Virtualization of server resources—allowing corporate IT managers to consolidate workloads onto fewer machines—is the big technology wave sweeping the corporate data-center market. Waltham, MA-based Novell (NASDAQ: [[ticker:NOVL]]) is an important player in that market, but its products are focused around identity management (a legacy of the company’s original focus on server operating systems and directory services products), the Linux operating system (an area it entered with the acquisition of Ximian in 2003 and SUSE Linux in 2004), and workgroup collaboration tools (a focus bolstered by the company’s acquisition two weeks ago of Maynard, MA-based SiteScape). Now, eager to avoid being left behind in the virtualization race, Novell has acquired yet another company—Toronto-based PlateSpin, which makes workload management software for virtualized data centers.
The all-cash acquisition, which will cost Novell $205 million, is “a true milestone in Novell’s history” and “provides a critical piece in completing our commitment…to delivering the best IT management software for both physical and virtual environments,” Novel CEO Ron Hovsepian said in a telephone press conference this morning.
Stephen Pollack, CEO of PlateSpin, said the company offers three key technologies: a visual planning-and-analysis tool for managing data center resources, a workload management package that makes software jobs portable across virtual and physical servers, and a hardware appliance for disaster recovery with virtualized workloads. “IT executives consistently list optimizing, virtualizing, and controlling their heterogeneous IT environments as the core of what keeps them up at night,” Pollack said. “The reason I and the PlateSpin team are so excited about becoming part of Novell is that it already has a successful strategy in data center management, and now we can truly deliver the next-generation infrastructure for flexible data centers.”

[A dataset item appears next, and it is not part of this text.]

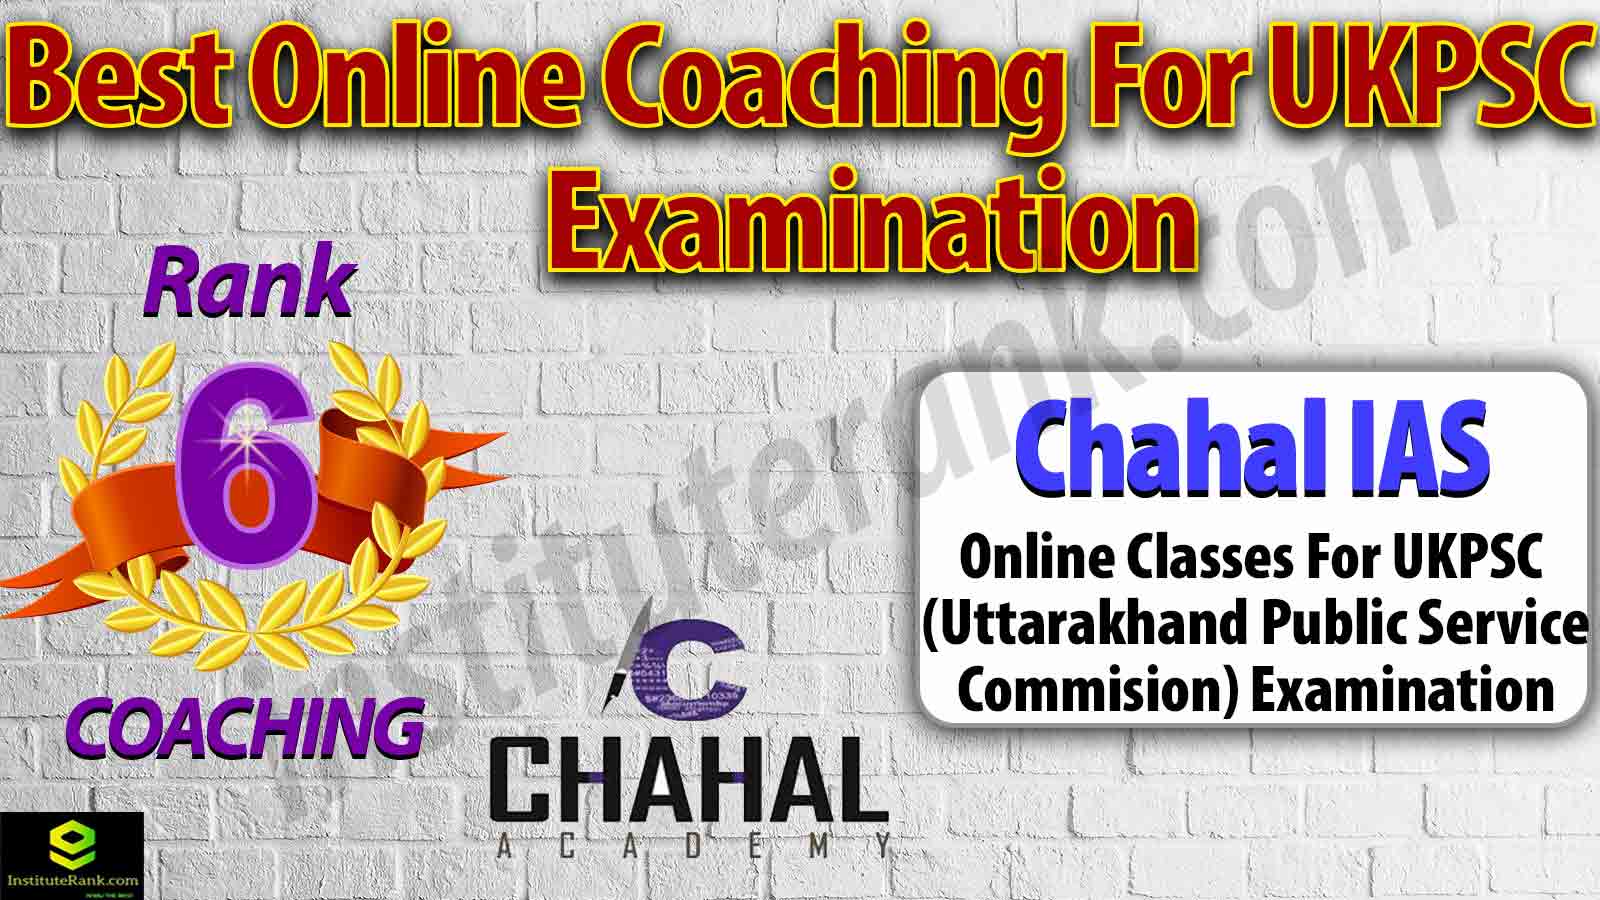 Online Coaching for UKPSC Examination
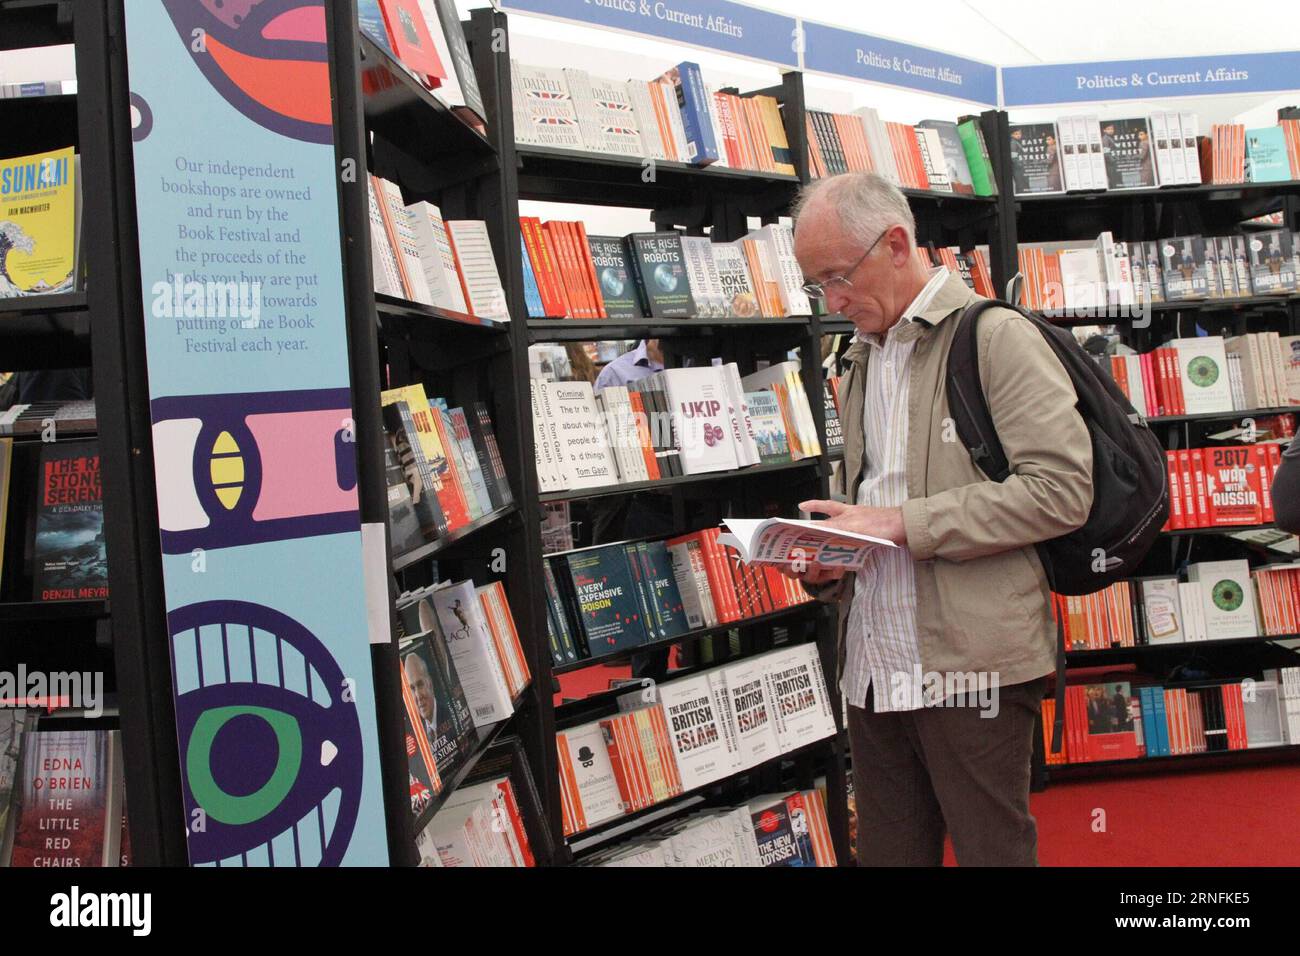 (160814) -- EDINBURGH, 13. August 2016 -- Ein Mann liest Ein Buch beim Edinburgh International Book Festival 2016 in Einburgh, Großbritannien, am 13. August 2016. Das Edinburgh International Book Festival 2016 wurde am Samstag unter dem Motto Imagine Better eröffnet, um Menschen zu ermutigen, Ideen auszutauschen und eine bessere Welt vorzustellen. ) (Syq) GROSSBRITANNIEN-EDINBURGH-INTERNATIONALES BUCH-FESTIVAL GuoxChunju PUBLICATIONxNOTxINxCHN 160814 Edinburgh 13. August 2016 ein Mann liest ein Buch BEIM Edinburgh International Book Festival 2016 in Großbritannien AM 13. August 2016 eröffnete das Edinburgh International Book Festival 2016 AM Samstag Under Stockfoto

Hovsepian said that with the PlateSpin acquisition Novell “will be in a unique position” to help customers manage and protect virtualized workloads, use resources more efficiently, cutting the cost of deploying new applications, and control the sprawl of applications that can run over virtualized systems.
Bringing in PlateSpin could help keep Novell competitive as a growing number of enterprise software companies offer either virtualization systems (including VMware, Microsoft, Oracle, Citrix, Virtual Iron, SWsoft, Qumranet) or software for managing workloads on virtualized systems (including Incipient, Vkernel, AutoVirt, GlassHouse, to name just a few local entrants). A venture-backed startup founded in 2003, PlateSpin has about 220 employees in the Toronto area. Its investors included Insight Venture Partners, OpenView Venture Partners, CastleHill Ventures, Covington Capital, Skylon Capital, and Four Quarters.